Not all of those individuals have been charged in US federal court. At least two, Michael Ebanks and Robert Terry, have been charged and sentenced for various gun related crimes in the Cayman Islands; crimes that have some connection to the Florida 
gun shipping case.  

Federal court records requesting pre-trial detention of Bonilla give some insight into the specific allegations against him. The names of individuals who have not already been charged locally or in the US in connection with the case are being left out by the Compass 
for legal reasons.  

The pre-trial detention request states: “On or about September 11, 2008, defendant Mikkyle Brandon Leslie, using the name Mikkyle Ebanks and [named individual No. 1] delivered a refrigerator to Tropical Shipping, Thompson Line, a division of Tropical Shipping and Construction Co. Ltd., Thompson Shipping Co. Ltd. in Miami, Florida to be sent to [named individual No. 2] in Grand Cayman. The sign-in sheet at Thompson Shipping shows that Mikkyle Ebanks signed for the out-going shipment.  

“On or about September 29, 2008, the refrigerator, which was sent by Mikkyle Brandon Leslie and [named individual No. 1] to [named individual No. 2] arrived in Grand Cayman and was picked up by [named individual No. 2], defendant Robert Terry and defendant Tito Bonilla. Documents from the Collector of Customs, Grand Cayman, show that [named individual No. 2] received the refrigerator, which had been purchased by defendant Mikkyle Brandon Leslie … and that the refrigerator was loaded into a truck by defendant Robert Terry. These records also show that the licence plate on the truck was registered to defendant Tito Bonilla’s [relative].  

“Information provided by a cooperating witness establishes that defendant Alexander Michael Henry had told [the witness] about how Henry had been involved in the shipment of a refrigerator containing guns from the United States to Grand Cayman in September 2008. Henry informed [the witness] that he [Henry] was getting paid $2,500 for assisting in getting the shipment through Cayman Customs. The witness stated that the refrigerator was shipped through Thompson/Hyde Shipping and was picked up at the Cayman port by defendant Tito Bonilla. According to [the witness] defendant Robert Terry, who is defendant Tito Bonilla’s cousin, went to defendant Tito Bonilla and stated that he needed to clear a refrigerator at the port.  

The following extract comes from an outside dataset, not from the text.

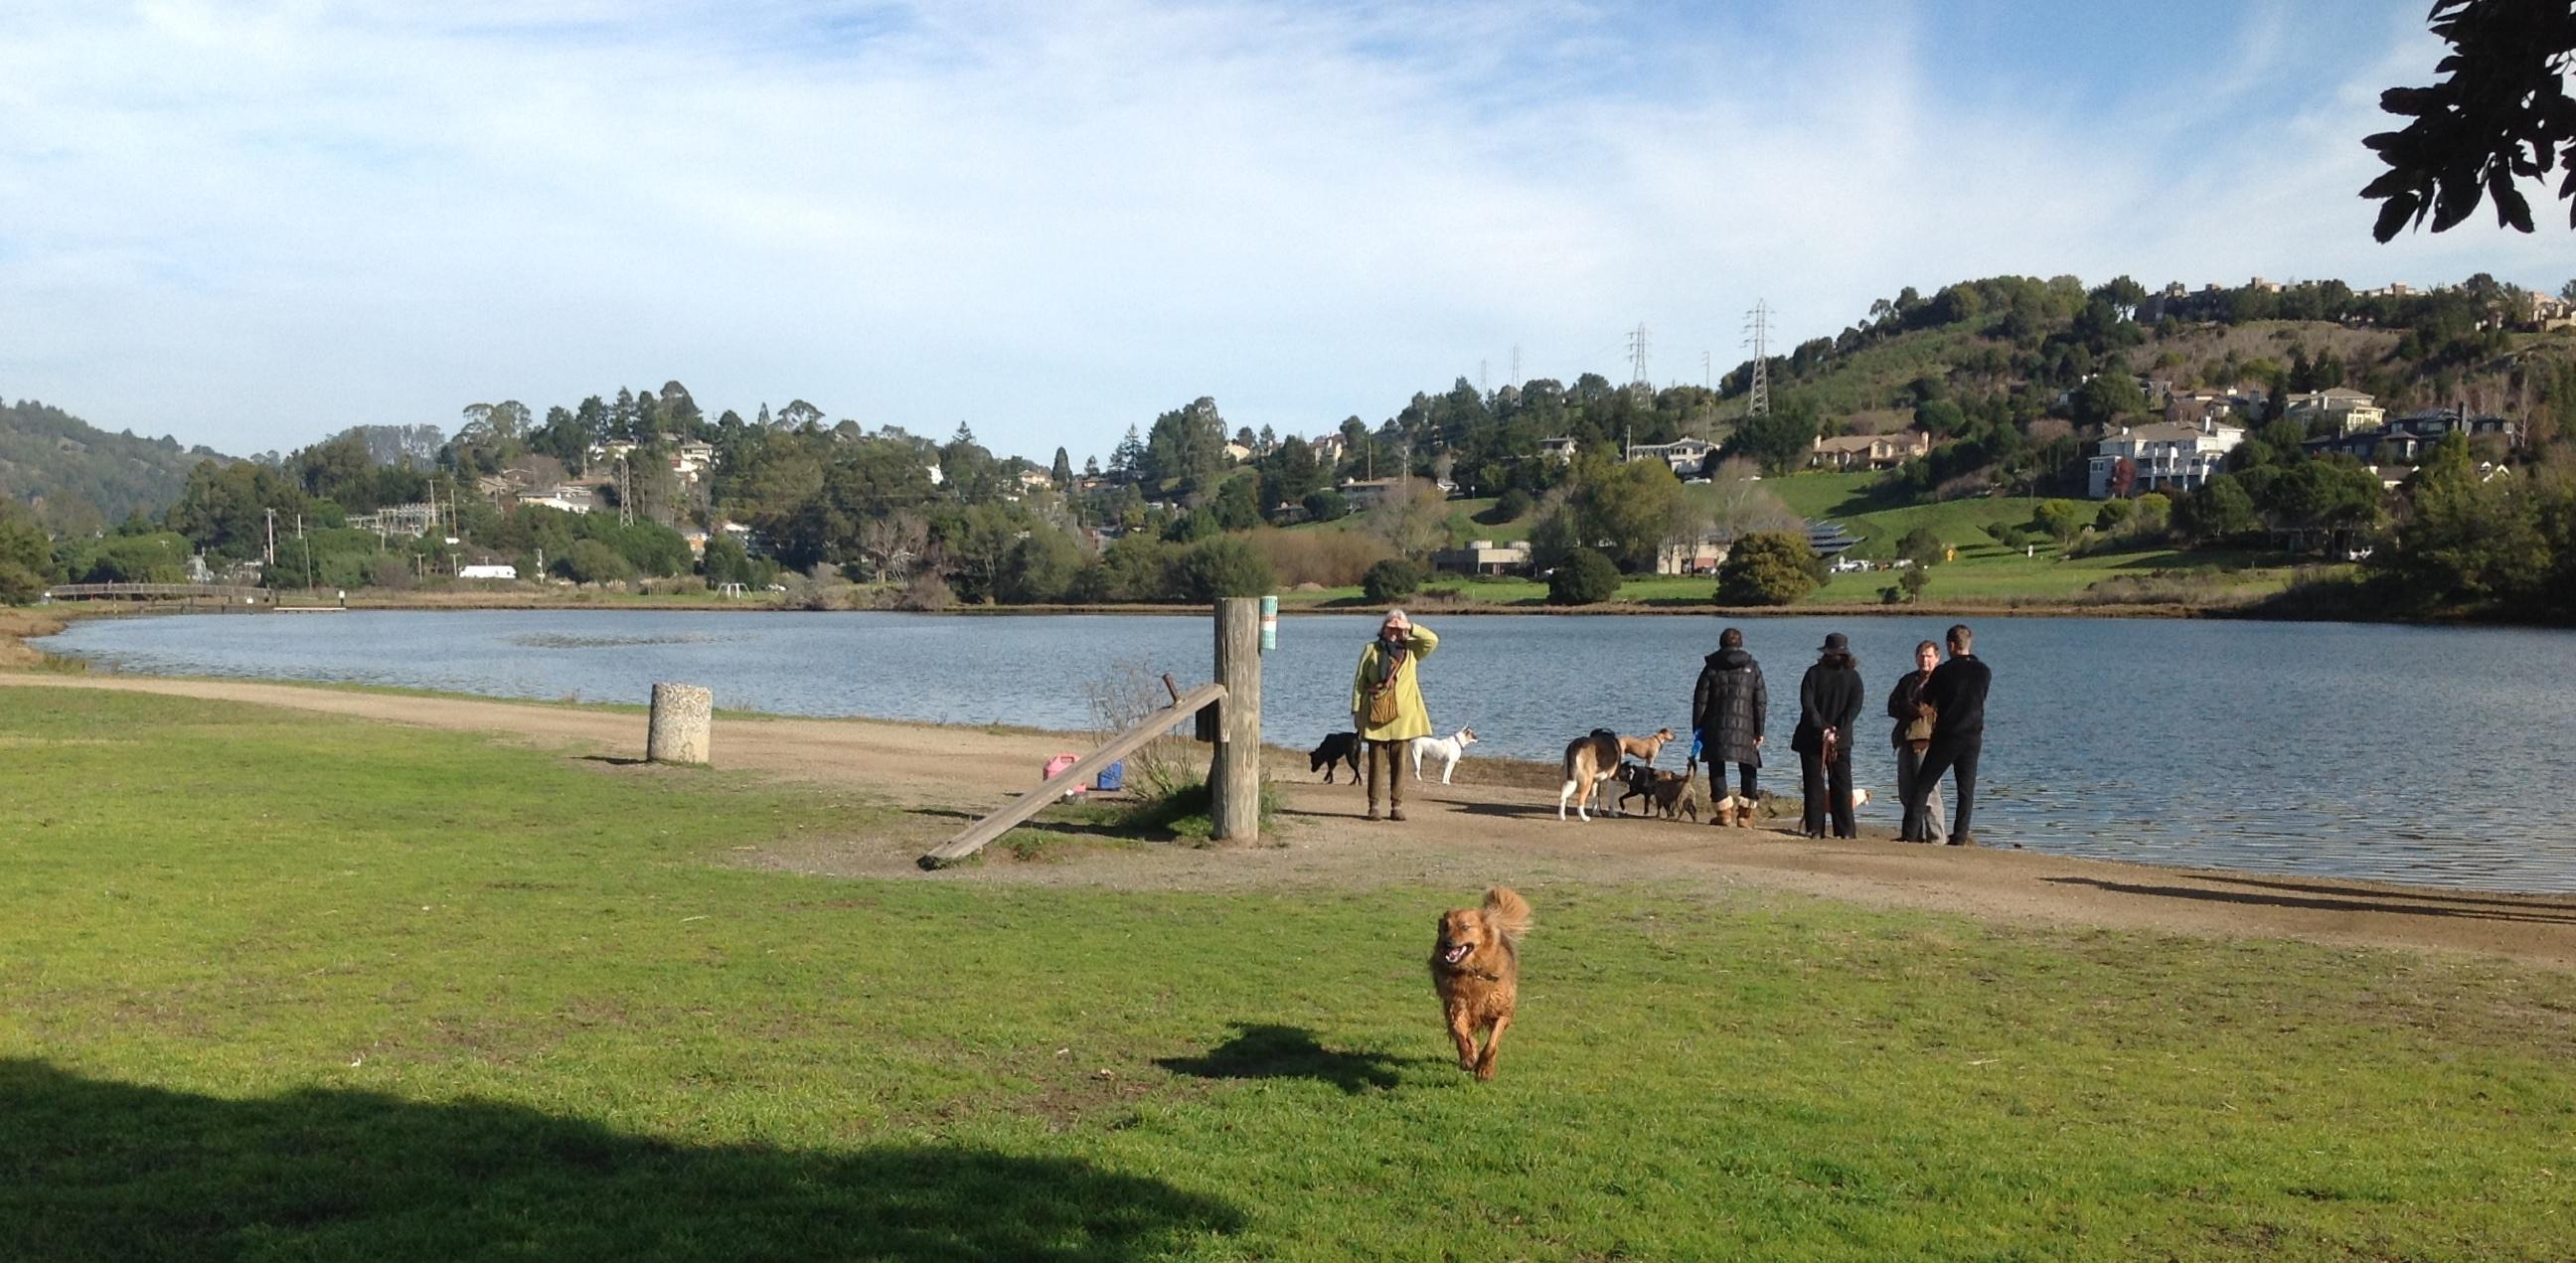 Dog Paddle Area

“Defendant Robert Terry and defendant Tito Bonilla helped [named individual No. 2] clear the refrigerator at the port and they took it [to] defendant Tito Bonilla’s house.”  

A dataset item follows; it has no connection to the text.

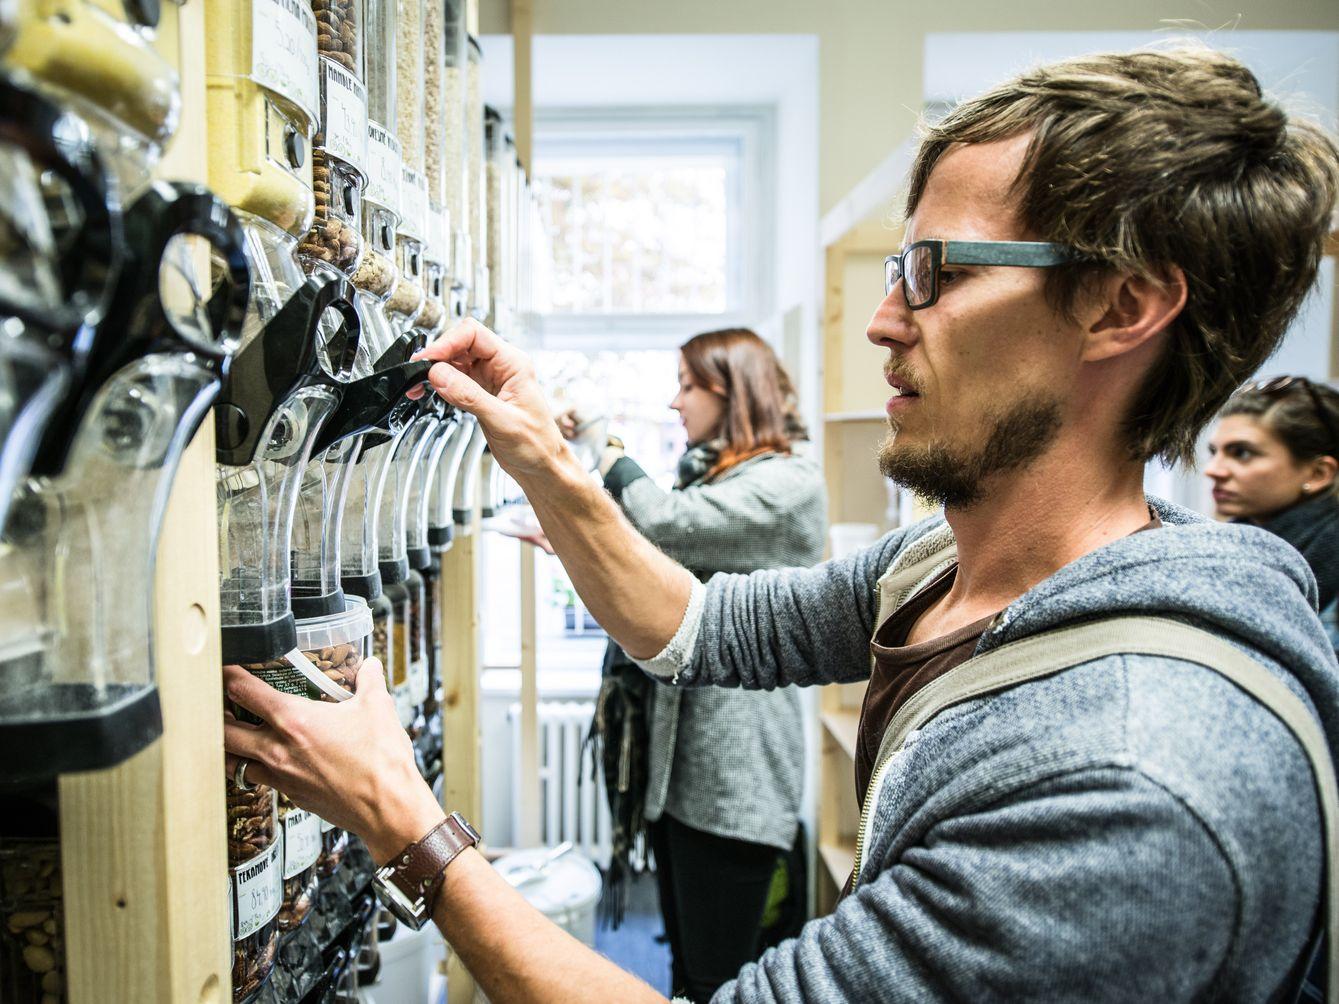 Zprávy z kampaně #dostbyloplastu: Chtějte zboží, ne obaly

According to federal court records, the unnamed witness was then told to come over to Bonilla’s house where the guns were taken from the bottom part of the refrigerator. 

“The [witness] stated that defendant Robert Terry was the one who unscrewed the panels and took the guns out of the refrigerator … The [witness] stated that [the witness] saw a Mak-90, an AK-type rifle, a 9×19 rifle which holds 10 shots and an AR-15 high-power rifle. The [witness] stated that defendant Tito Bonilla was going to keep a firearm as part of the deal.”